In the records below, repeat exactly the lines between the line holding "View larger image" and the line holding "A man in glasses", inclusive, and drop the pictures.

──────── RECORD EXCERPTS ────────

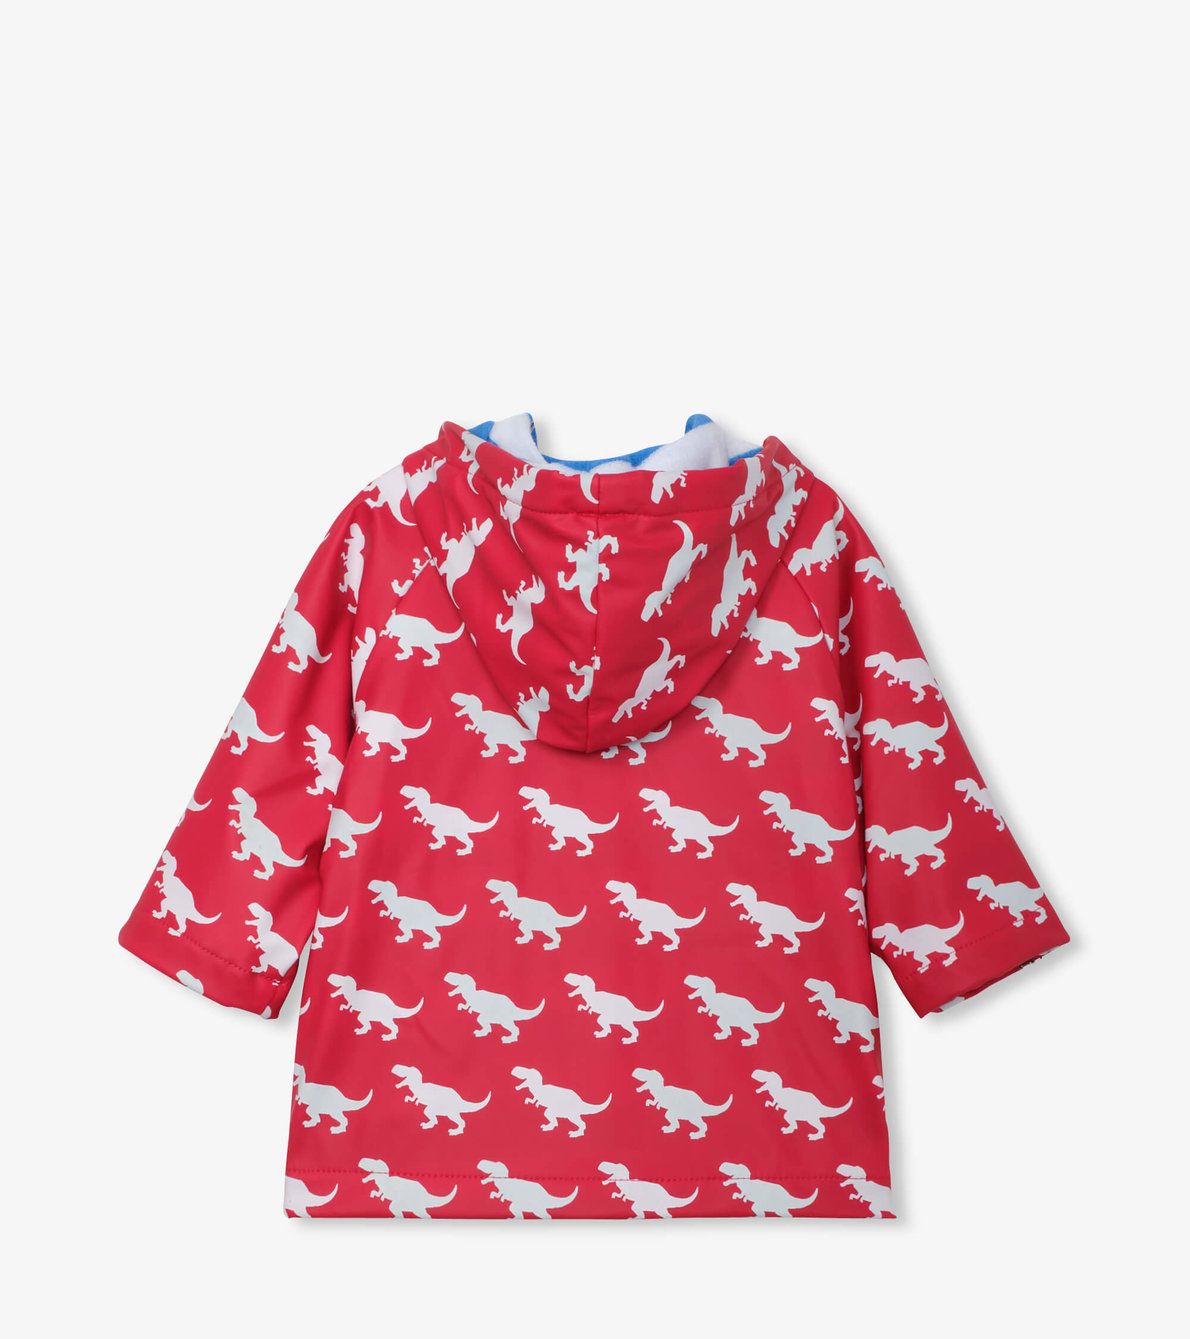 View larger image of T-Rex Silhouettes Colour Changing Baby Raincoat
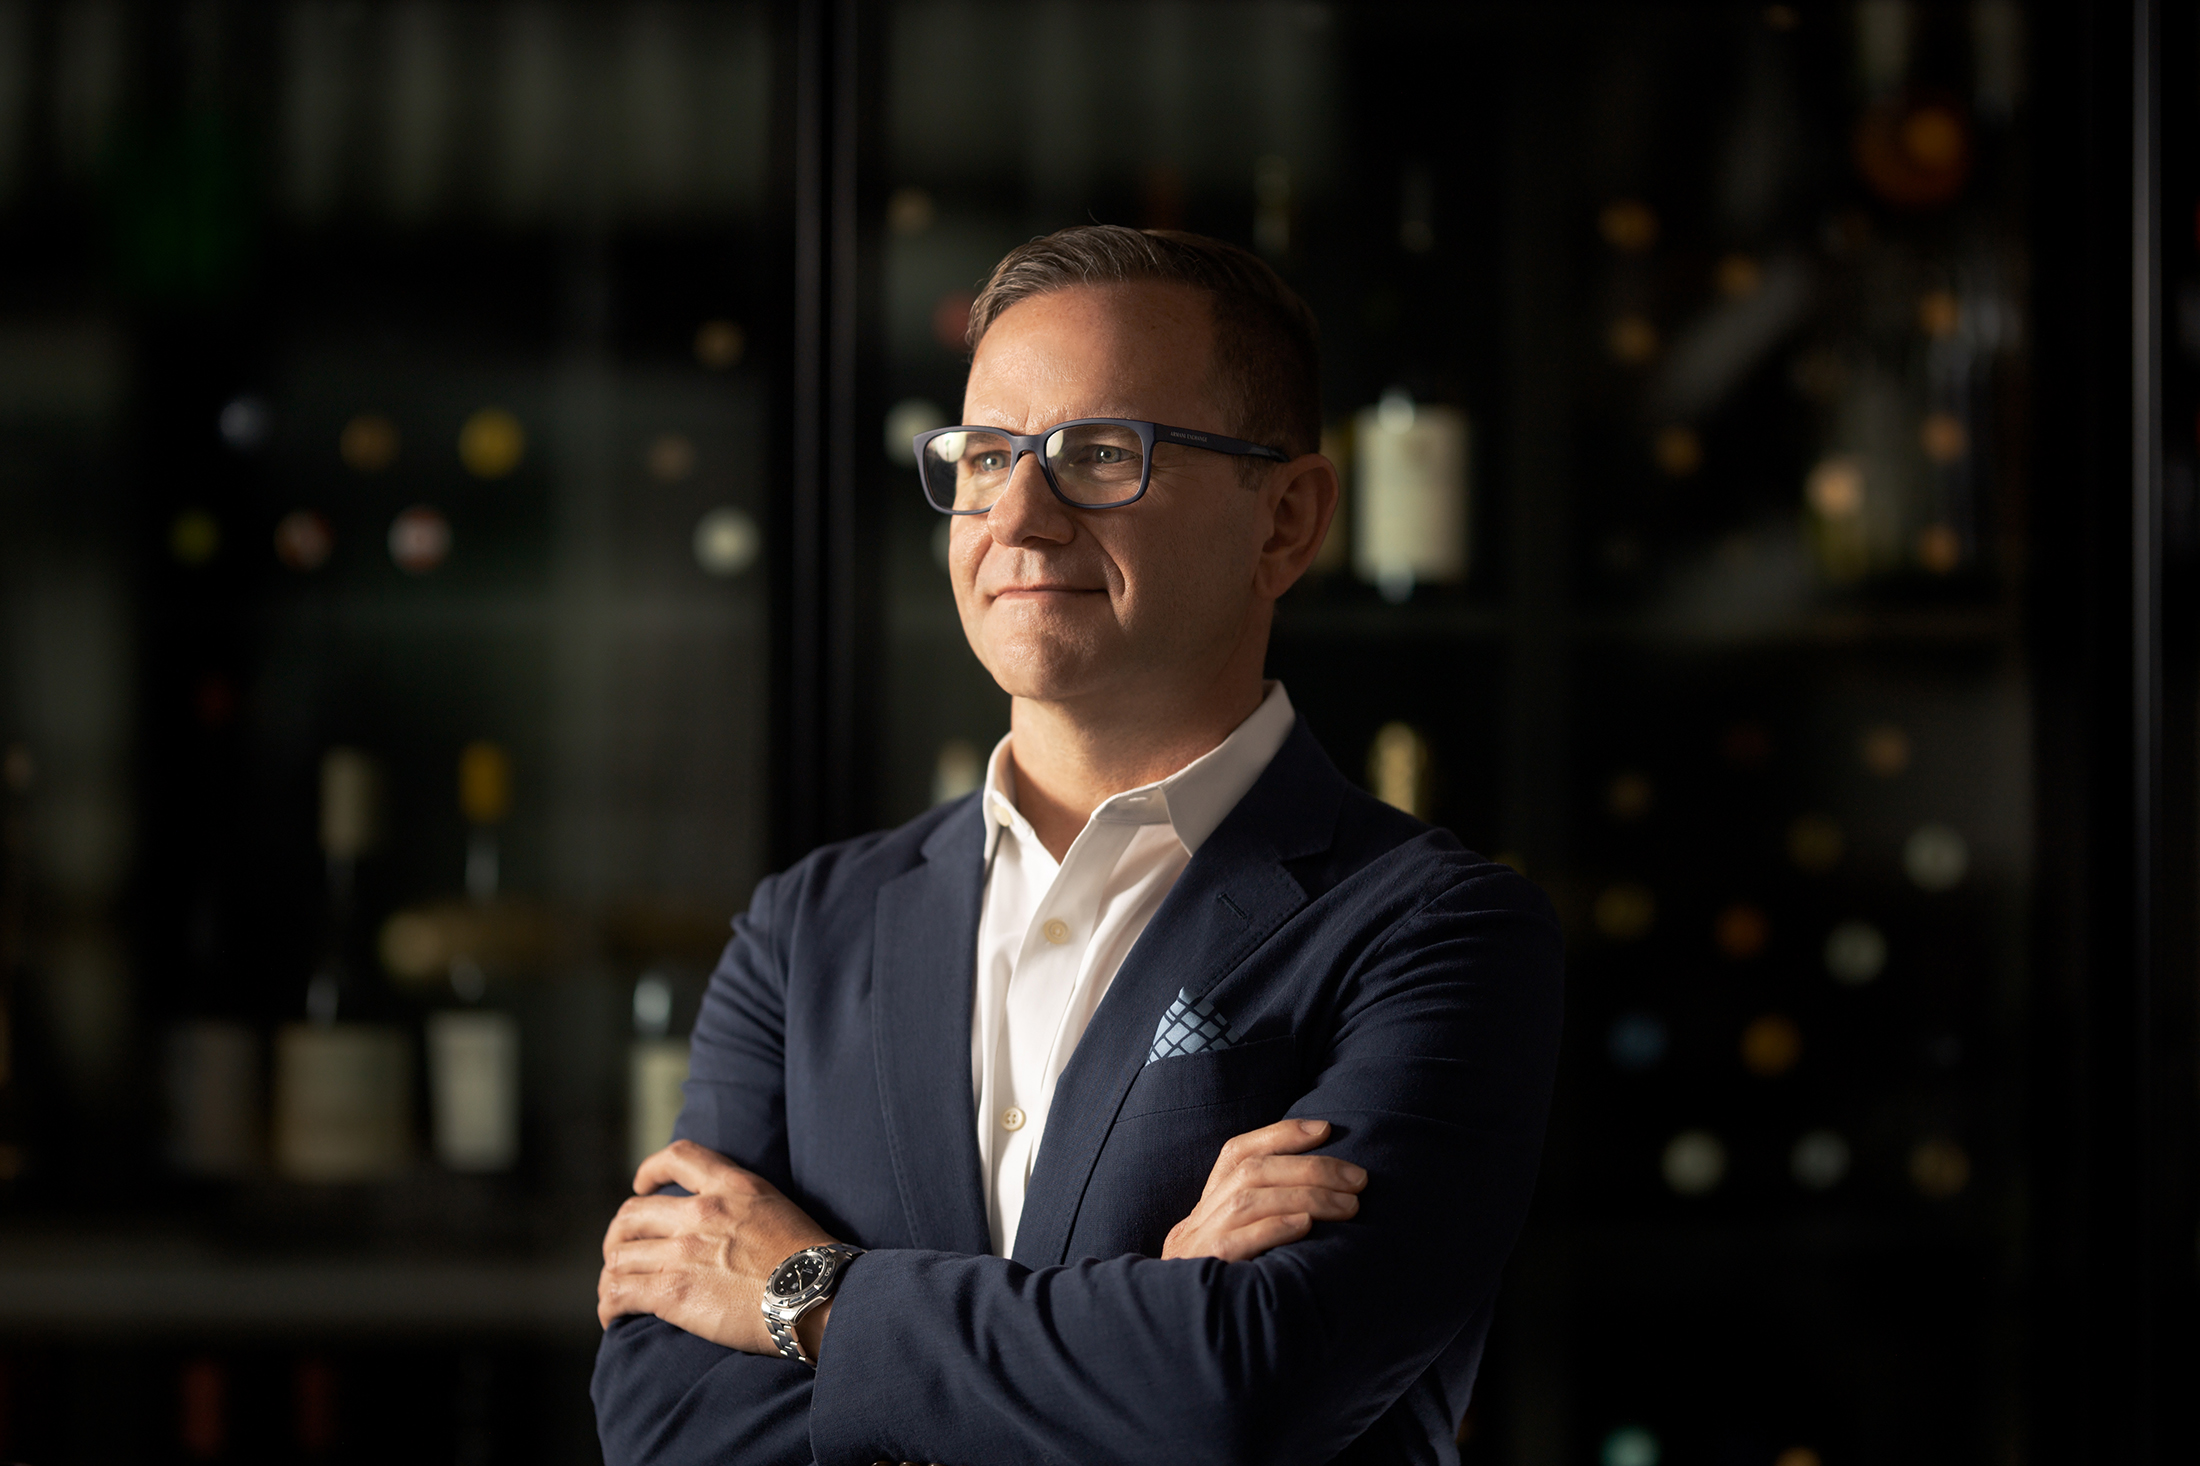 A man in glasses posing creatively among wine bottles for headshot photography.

────────
──────── RECORD EXCERPTS ────────

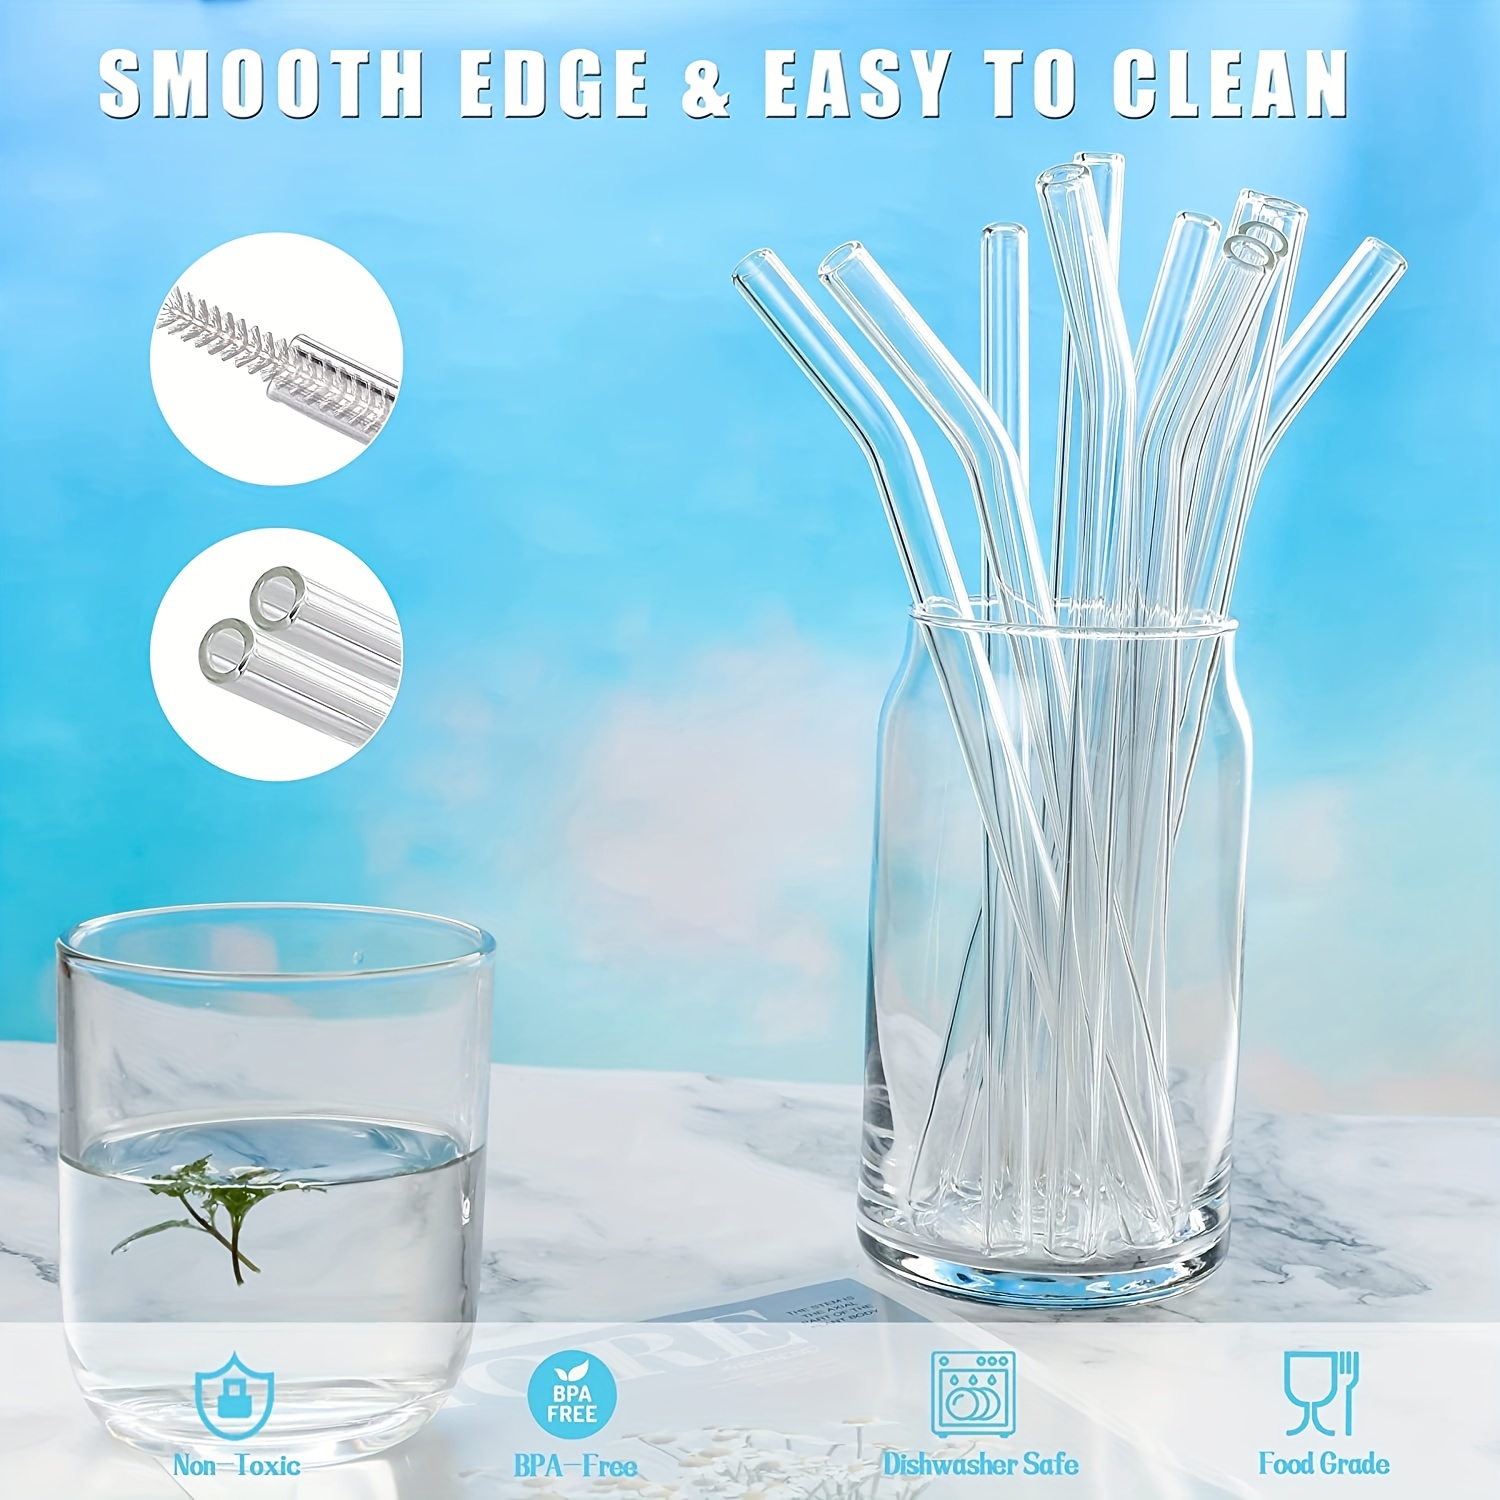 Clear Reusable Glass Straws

────────

(OUTPUT):
 View larger image of T-Rex Silhouettes Colour Changing Baby Raincoat
 A man in glasses posing creatively among wine bottles for headshot photography.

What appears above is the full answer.